» Aim of the task
For this task, extract exactly the lines of the data below, from the line containing "MD@Alarm clock Reloj" through the last one, with pictures left out.

» Given material
^^^^^^^^

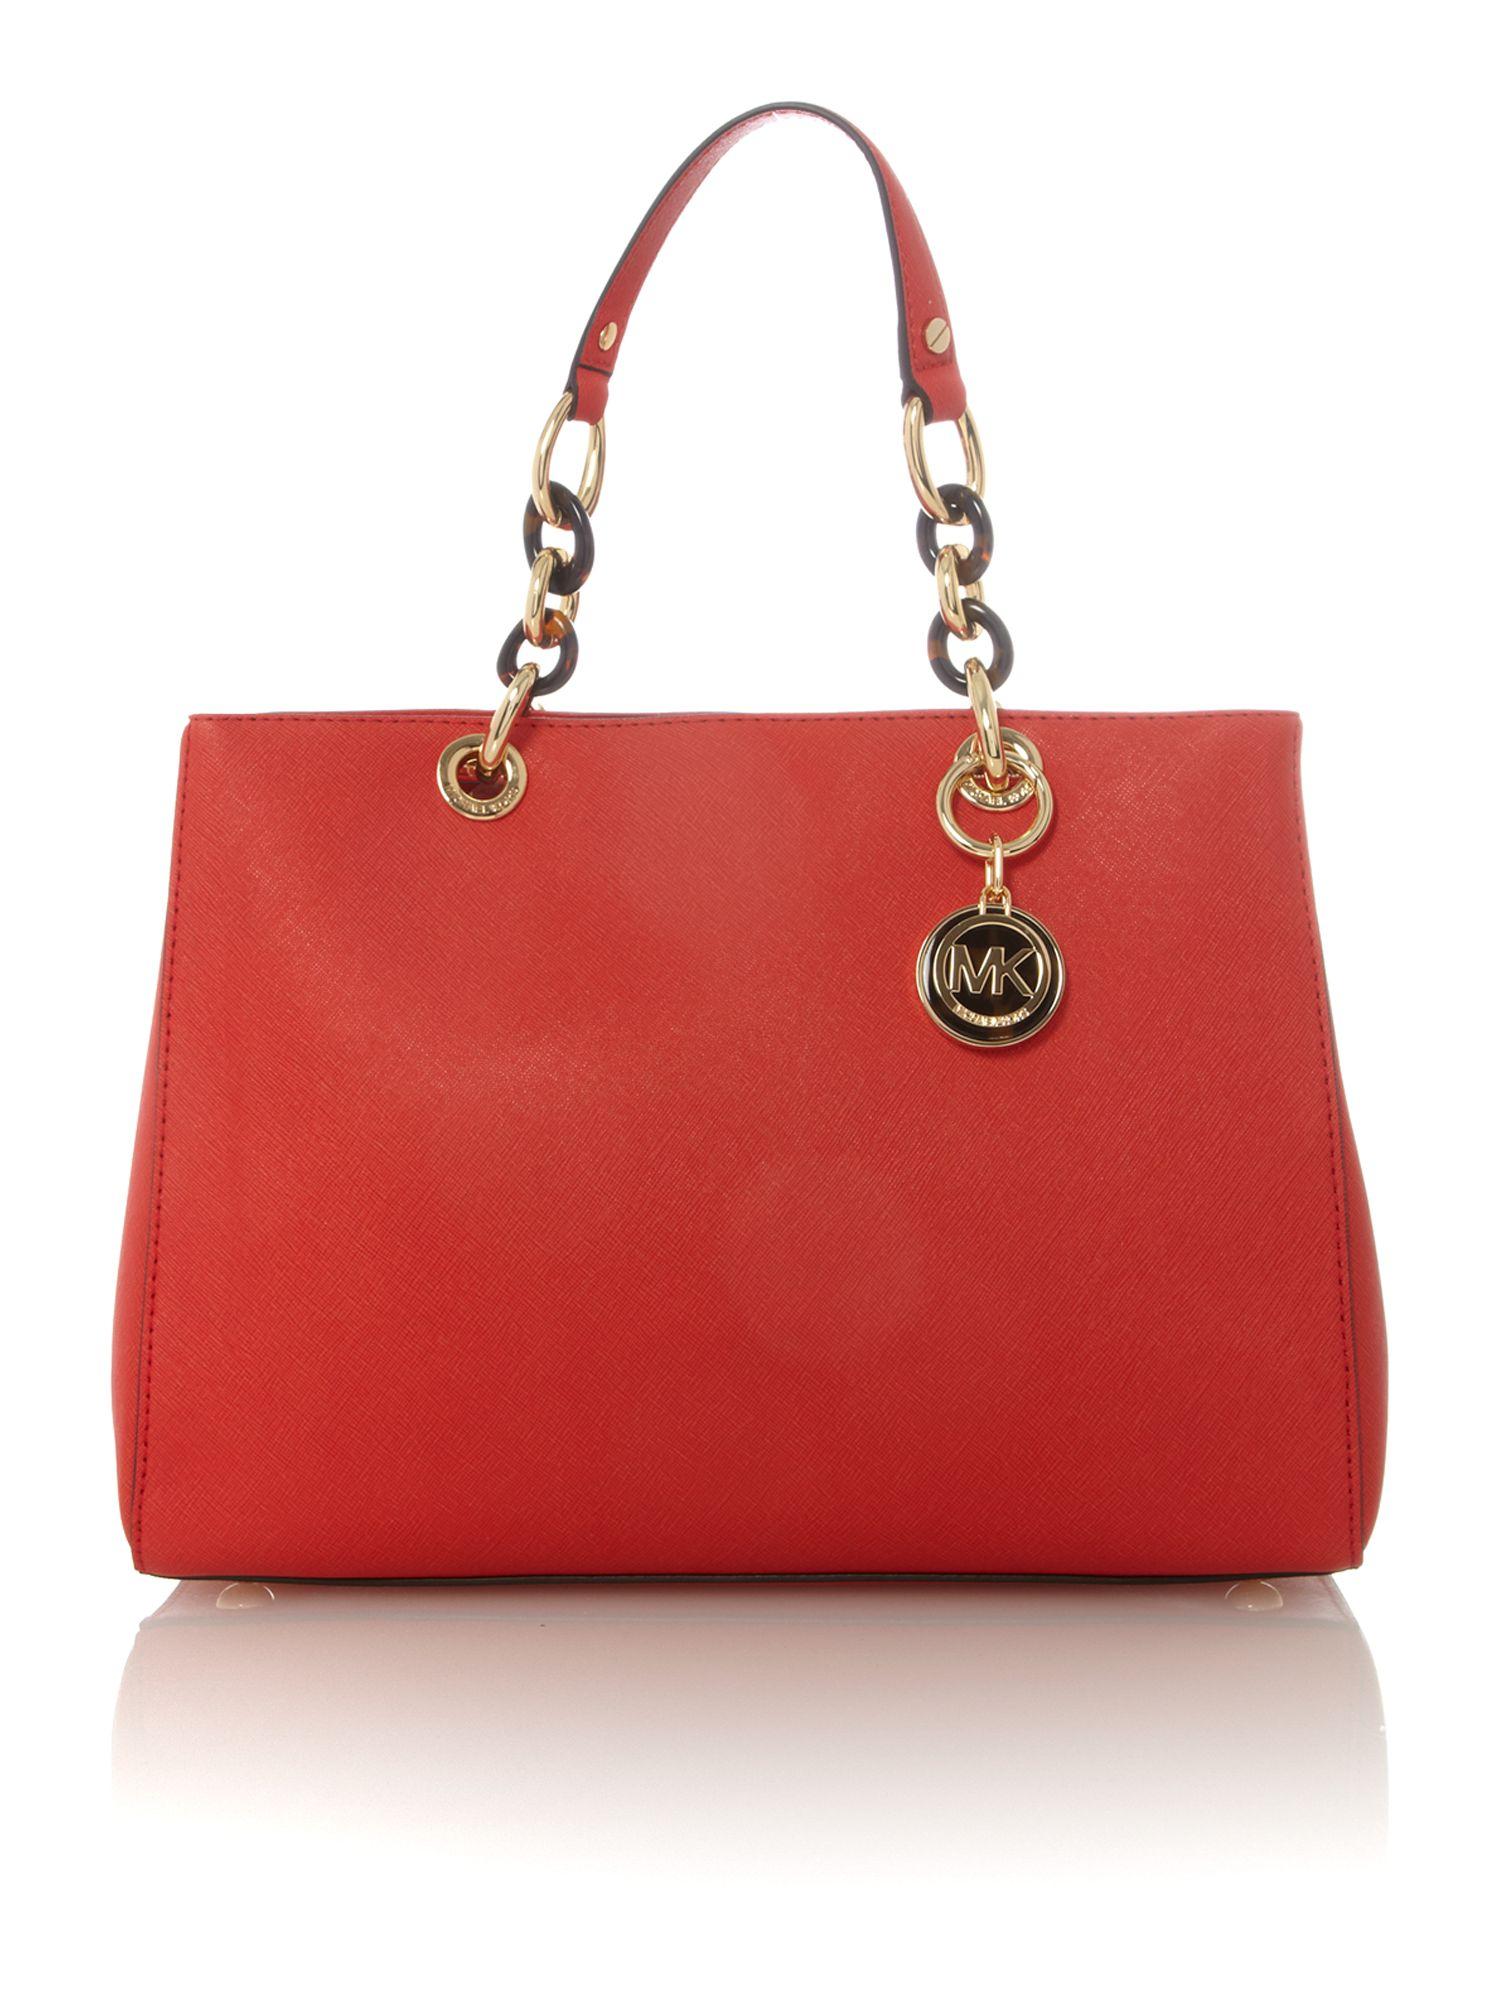 Michael Kors Cynthia Red Ew Tote Bag
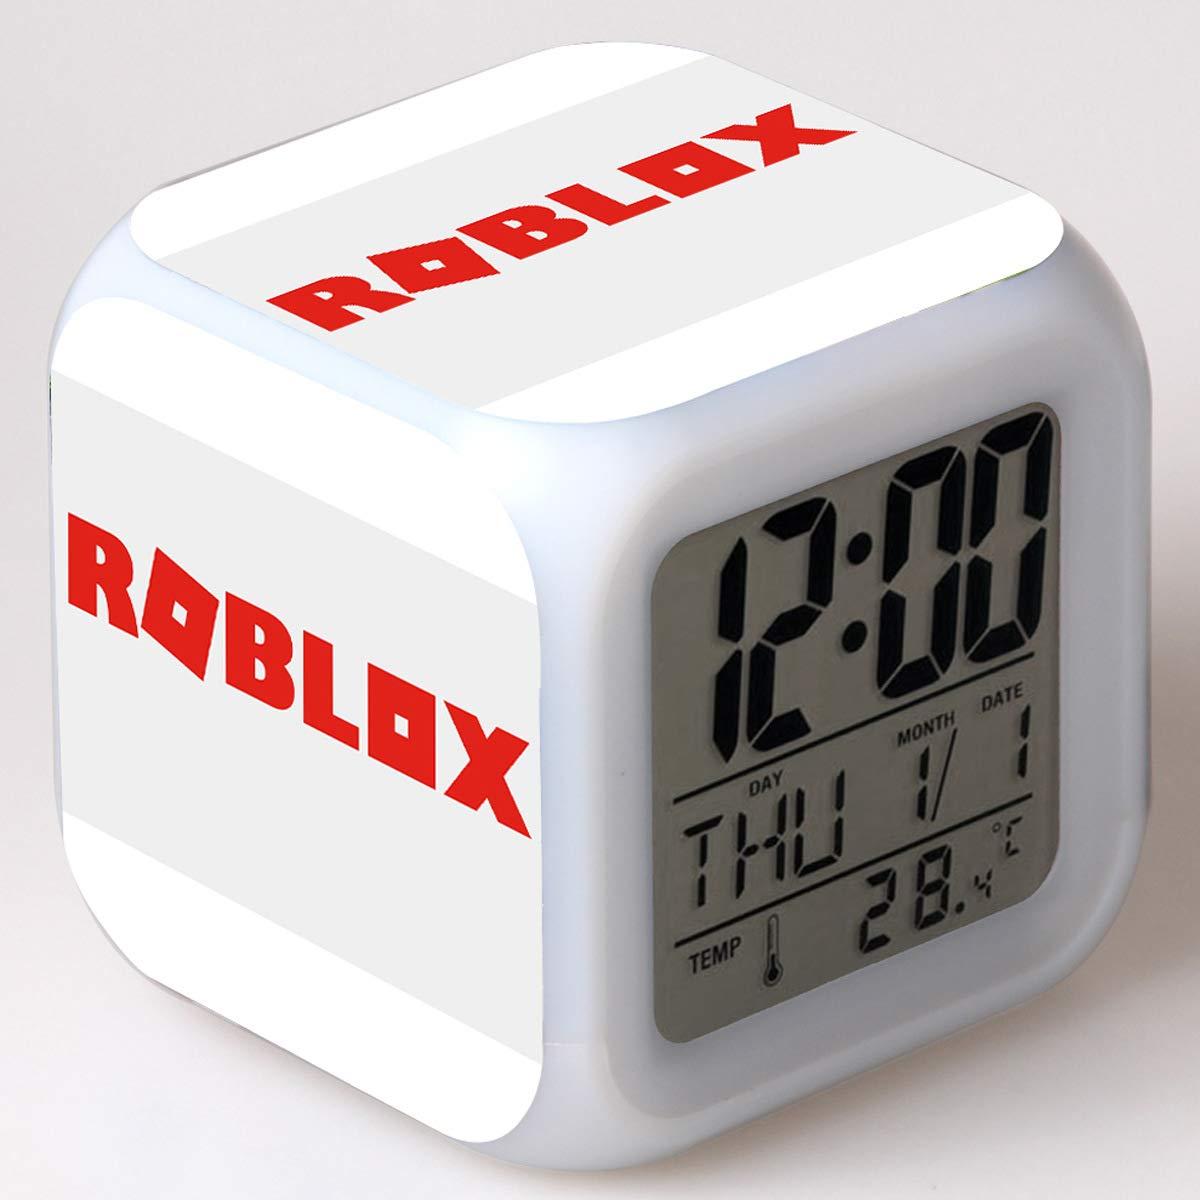 MD@Alarm clock Reloj Despertador Digital, Contains Roblox Theme Reloj Dibujos Animados Reloj Pantalla Temperatura Despertador,004
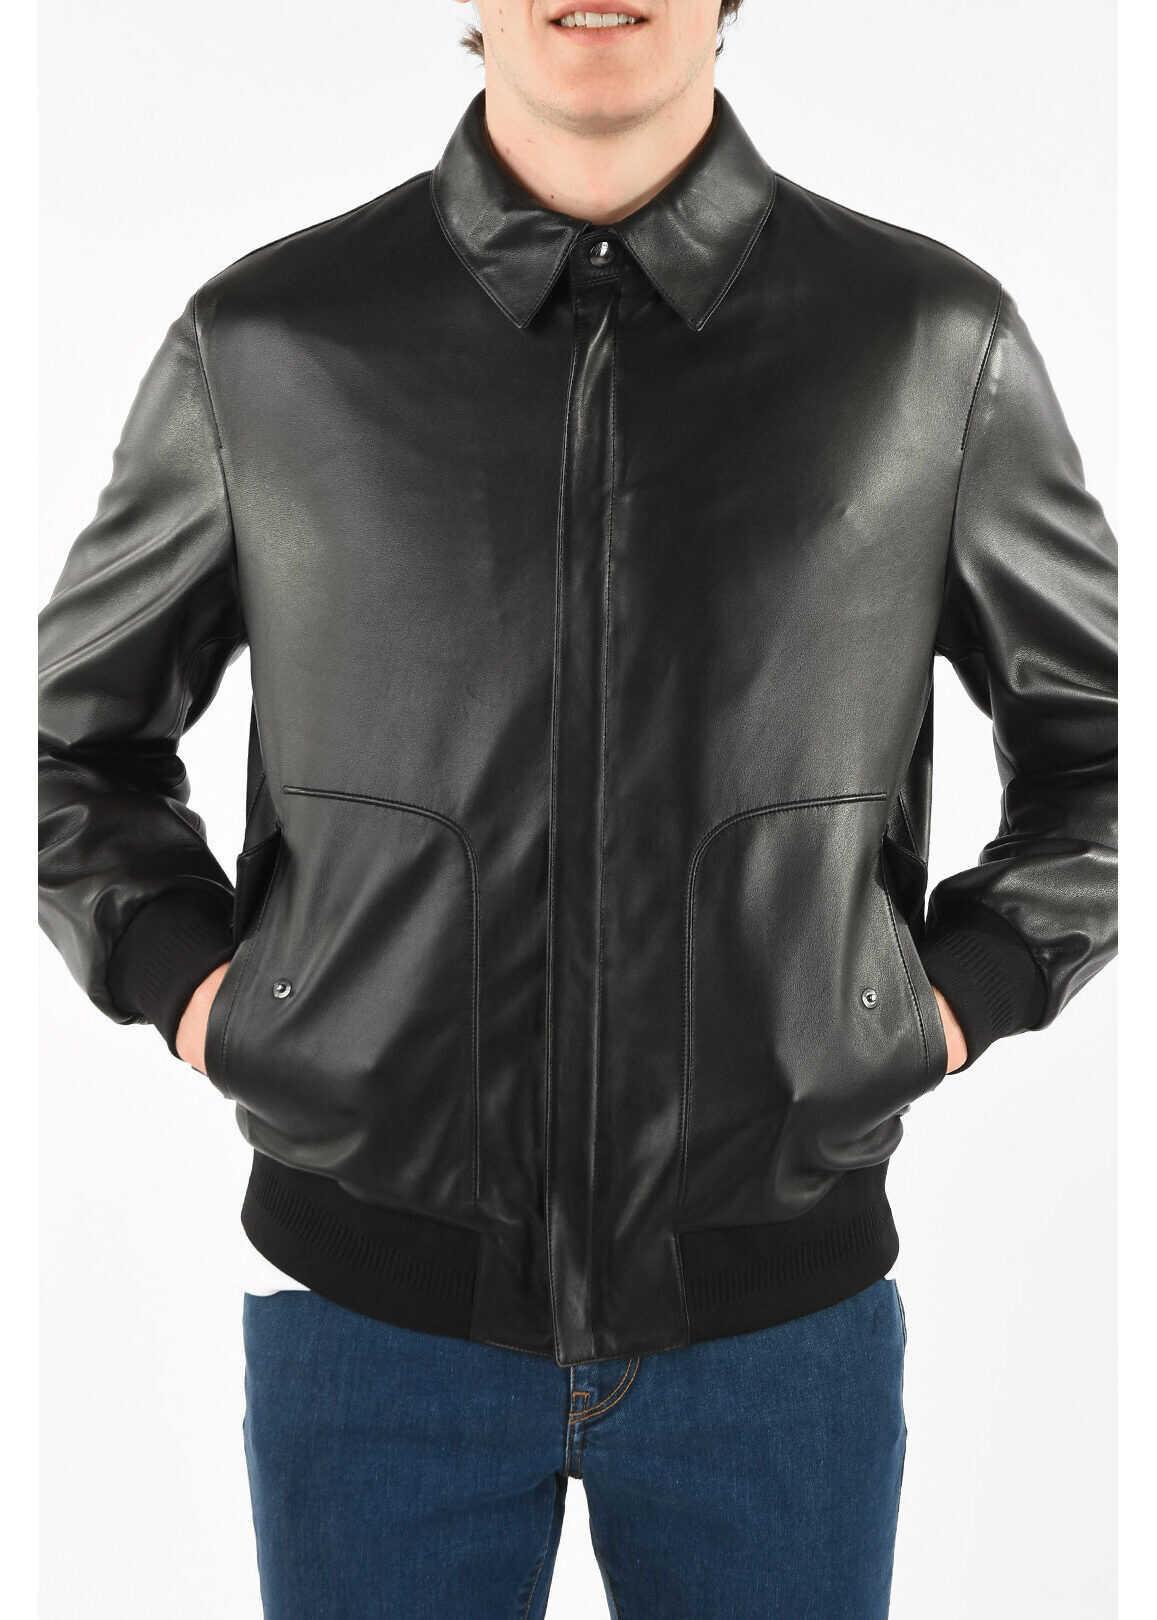 Ermenegildo Zegna Z ZEGNA Soft Leather Flap Pocket Jacket with Zip Closure BLACK imagine

^^^^^^^^

» Task response
 MD@Alarm clock Reloj Despertador Digital, Contains Roblox Theme Reloj Dibujos Animados Reloj Pantalla Temperatura Despertador,004
 Ermenegildo Zegna Z ZEGNA Soft Leather Flap Pocket Jacket with Zip Closure BLACK imagine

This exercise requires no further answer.